The beautiful young woman in the photo above is dead. On October 7, 2008, in Odessa, Texas, Kelsi Miller was murdered by her husband, Jarrett Weaver, a young man who fit the profile of a sociopath. He, too, is dead. Lovefraud just published their tragic story: Jarrett Weaver shoots his wife, then he shoots himself.
It’s heart-wrenching, worst-case scenario of what happens when people don’t understand the evil of a sociopath.
Kelsi Miller had everything going for her. Besides her obvious beauty, she was accomplished and caring. She was studying to be a nurse. Jarrett Weaver, however, was a manipulative drug addict who couldn’t hold a job. He was violent on the eve of their wedding, and the violence escalated to the unthinkable.
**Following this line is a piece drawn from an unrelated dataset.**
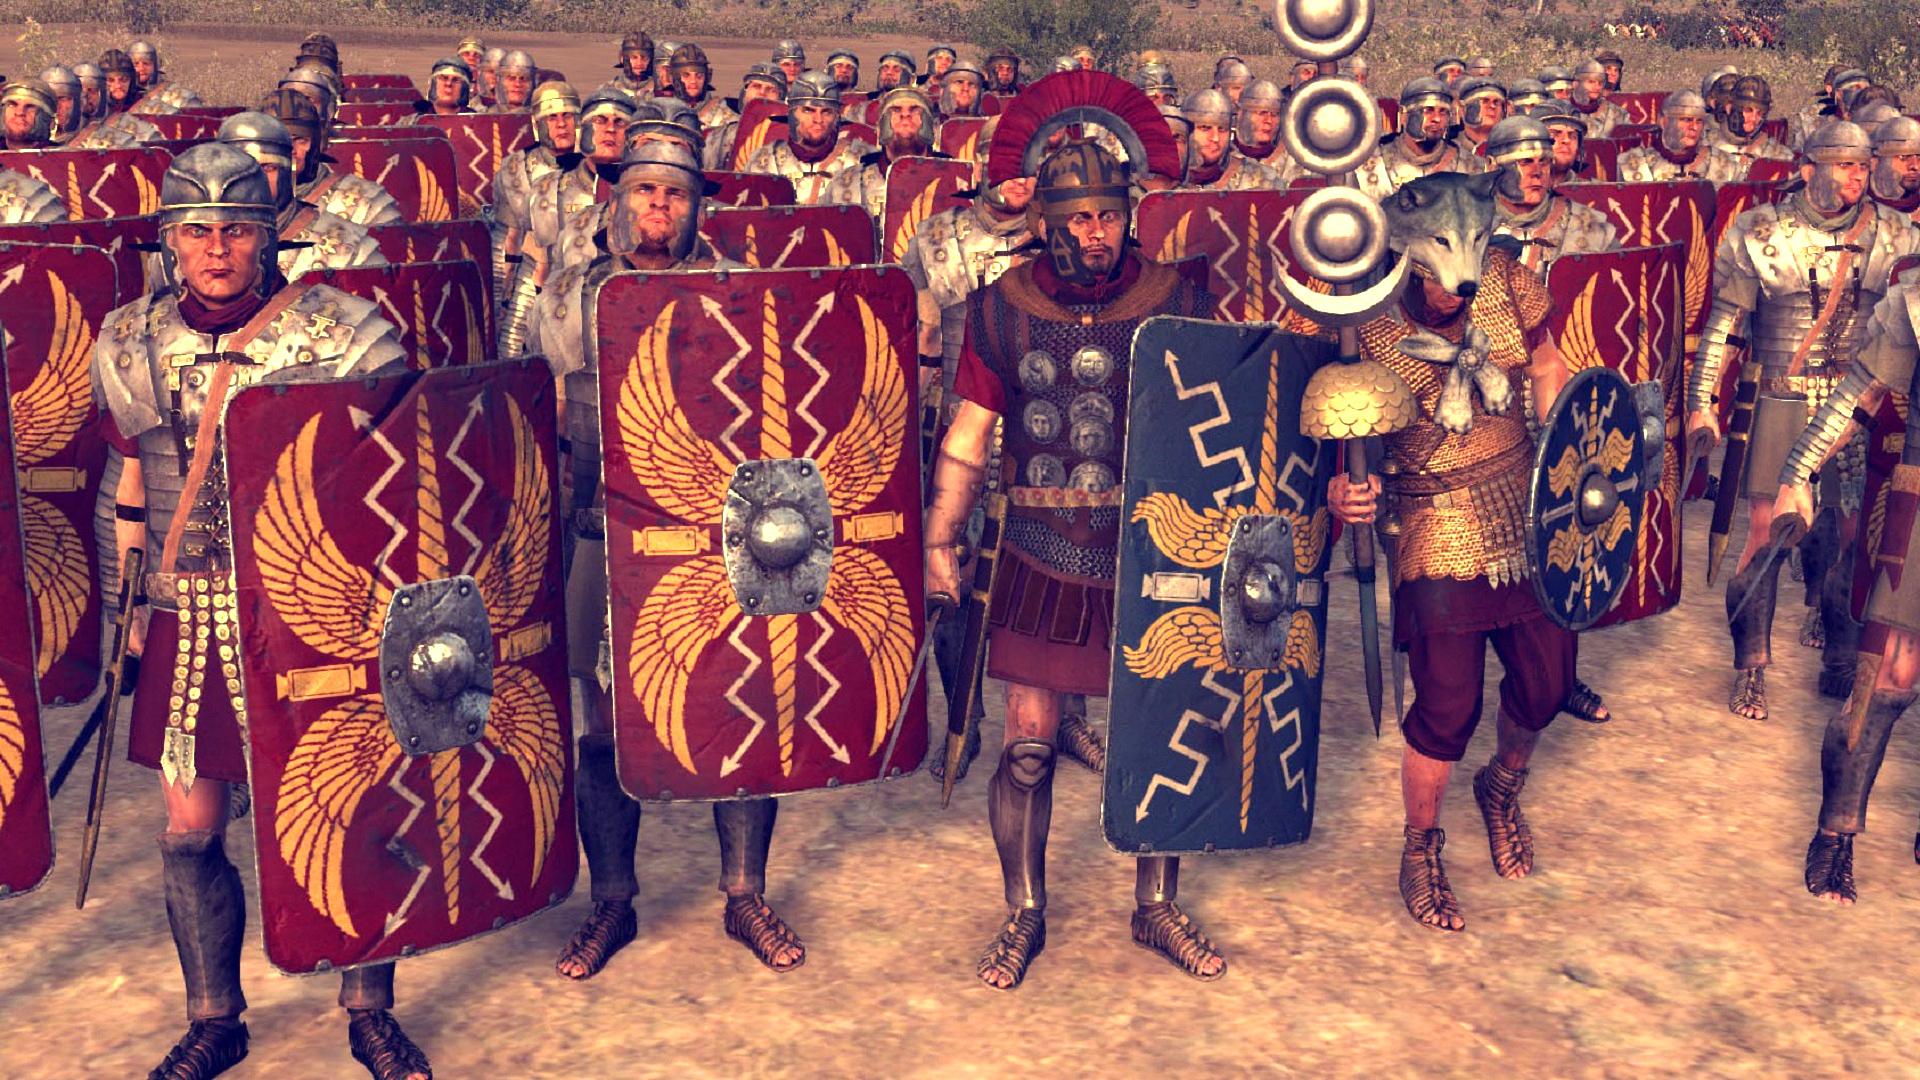 Popular Total War: Rome 2 mod Divide et Impera gets major update
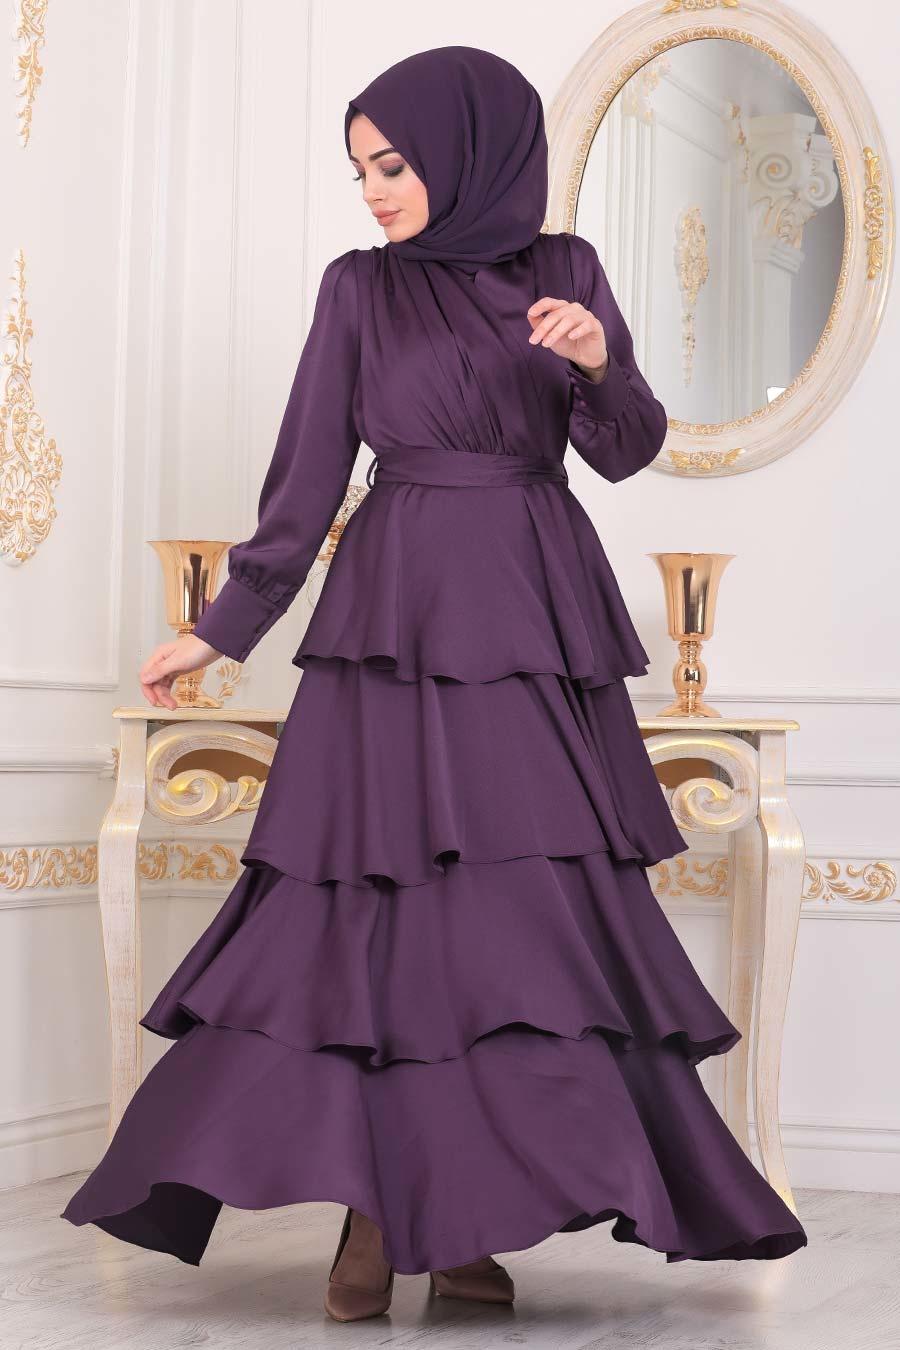 Tesettürlü Abiye Elbise - Fırfırlı Krep Saten Mor Tesettür Abiye Elbise 22701MOR

All the warning signs were there, if Kelsi had known what they meant. Jarrett rushed her into marriage. At age 22, he already had terrible credit, and all the bills were in Kelsi’s name. He erupted into rage many times. When his rage turned into assault and he was arrested, he pleaded for Kelsi to take him back, promising he would change and dedicate his life to God. He isolated her from family and friends. He threatened to kill her tiny pet Chihuahuas.
But Kelsi behaved as many women caught in domestic violence situations behave. Wanting to believe Jarrett’s promises and not his actions, she took him back. She didn’t tell her parents, who were justifiably concerned, what was really going on. She believed her husband, who so often proclaimed his love, would never harm her.
Kelsi Miller was wrong.
This case also shows what happens when sociopathy mixes with drugs. Sociopaths live to exert power and control over others. This makes them aggressive. Sociopaths also lives for thrills, which often makes them drug abusers. Jarrett Weaver was using alcohol, marijuana and Xanax. He was also abusing steroids, which probably made him even more aggressive—to the point where he lost control.
Or maybe he wanted to go out in a blaze of glory. We’ll never know.
This tragic story illustrates why the world needs to understand sociopaths. The messages we all hear about “there’s good in everyone” are false. In fact, those messages are dangerous. And to whom are they dangerous? To the people who truly are filled with good.